This is all well and good, but if you try to follow this approach with
Draggable you get an error message:
Uncaught TypeError: Cannot read property 'options' of undefined
Not finding an acceptable answer online anywhere, I sat down with the debugger
and went through line by line until I found the problem. The issue was that the
extended widget could not find the data object.
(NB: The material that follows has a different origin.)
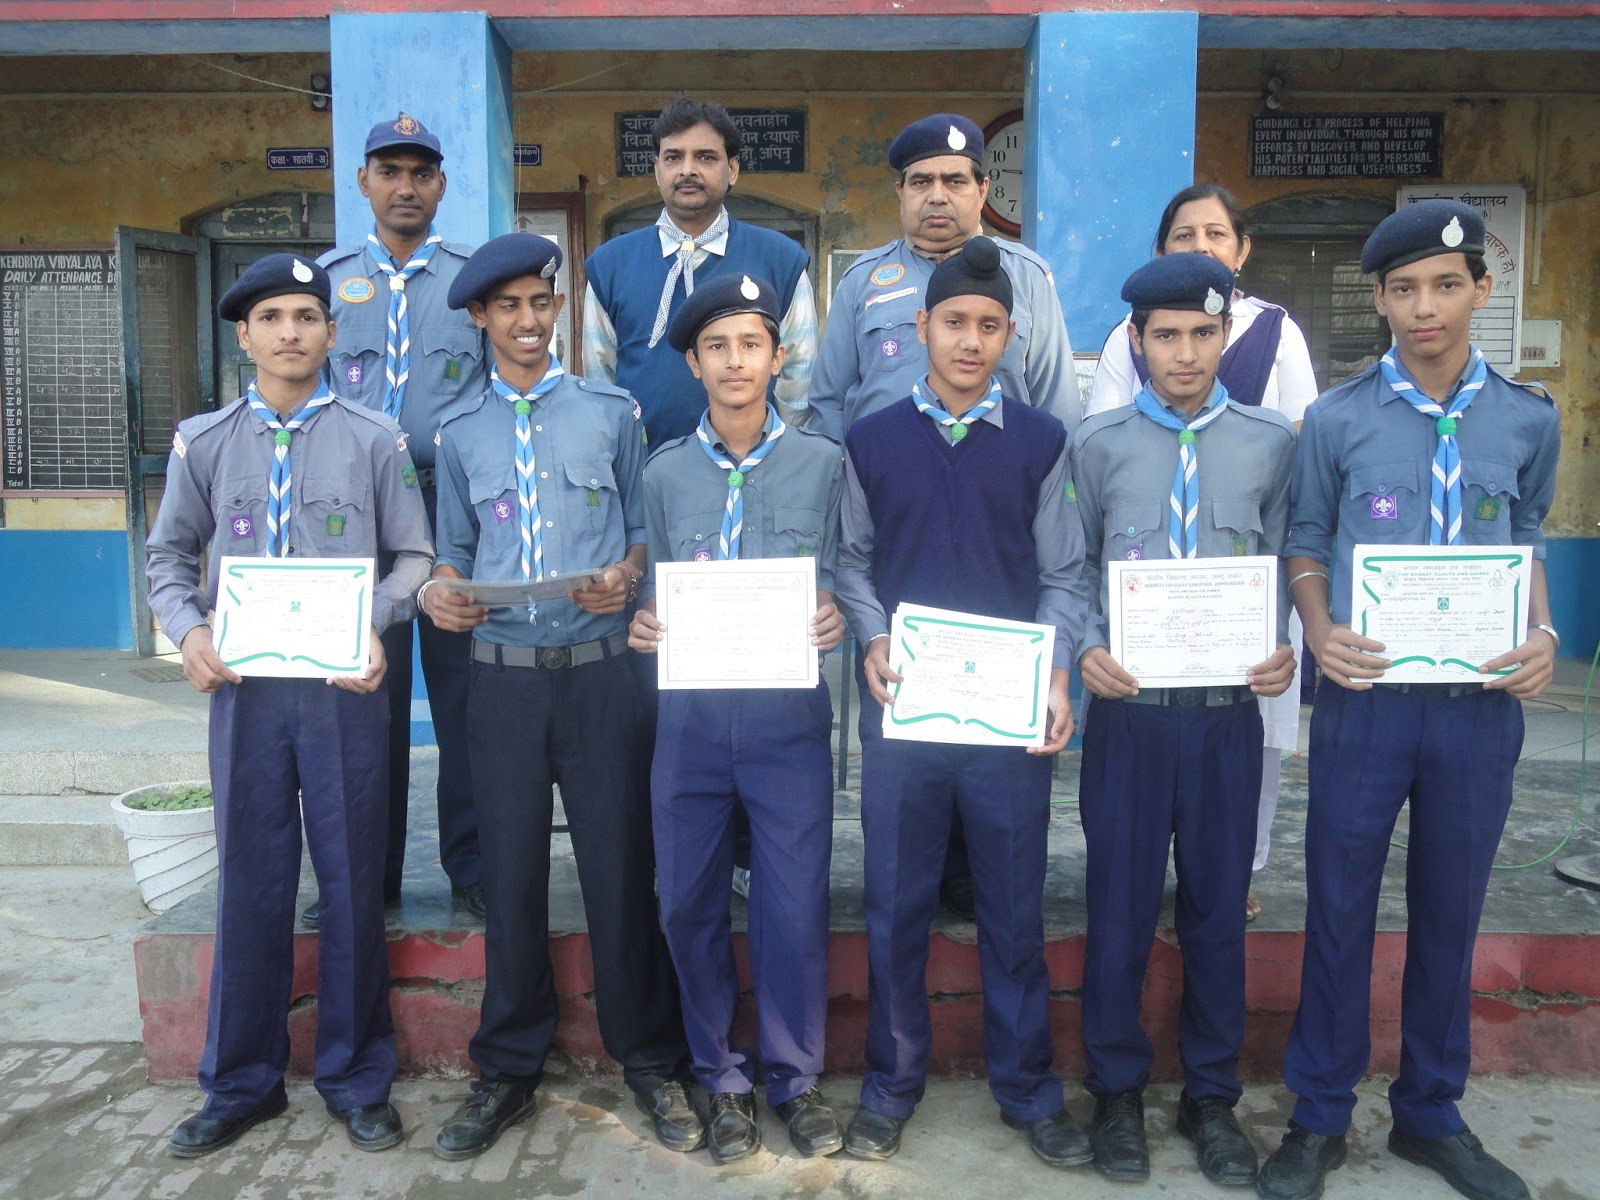 kendriya vidyalaya sangathan bharat scouts guides rajya puraskar rh kvsbsg blogspot com Guide and Scout Badges Logo Scouts And Guides

I didn’t investigate too
deeply but it appears to be a side effect of the initialization process and it
didn’t look easy to fix within the design of Draggable. However, an easy
solution did suggest itself, which is to manually create the ‘draggable’ data
object in your subclass, and assign the element to that data. That makes it
available and it initializes normally when you call _create() on the
superclass.
The reason I went to all this trouble was I that I was implementing the
Isotope plugin for a project, and I wanted to be able to drag one of the items
out of the Isotope list. Because Isotope uses CSS3 transforms, and Firefox
doesn’t consider the CSS3 transform when it returns element positions, the
draggable would jump unexpectedly on _mouseStart. Luckily, Isotope can
optionally store the calculated item positions in the element’s data.
Here is the isotope site:
http://isotope.metafizzy.co/ Isotope is an
updated version of jQuery Masonry:
http://masonry.desandro.com/ They share a lot
of code but isotope adds more features and works much better. In the end, I
abandoned using Isotope for this project anyway, because I needed more
detailed behavior, and extending Isotope to create what I wanted was more work
than recreating the functionality. That said, Isotope is fairly easy to
extend. I created a small extension without much difficulty. So I’m sure it
will come in useful at some point down the road.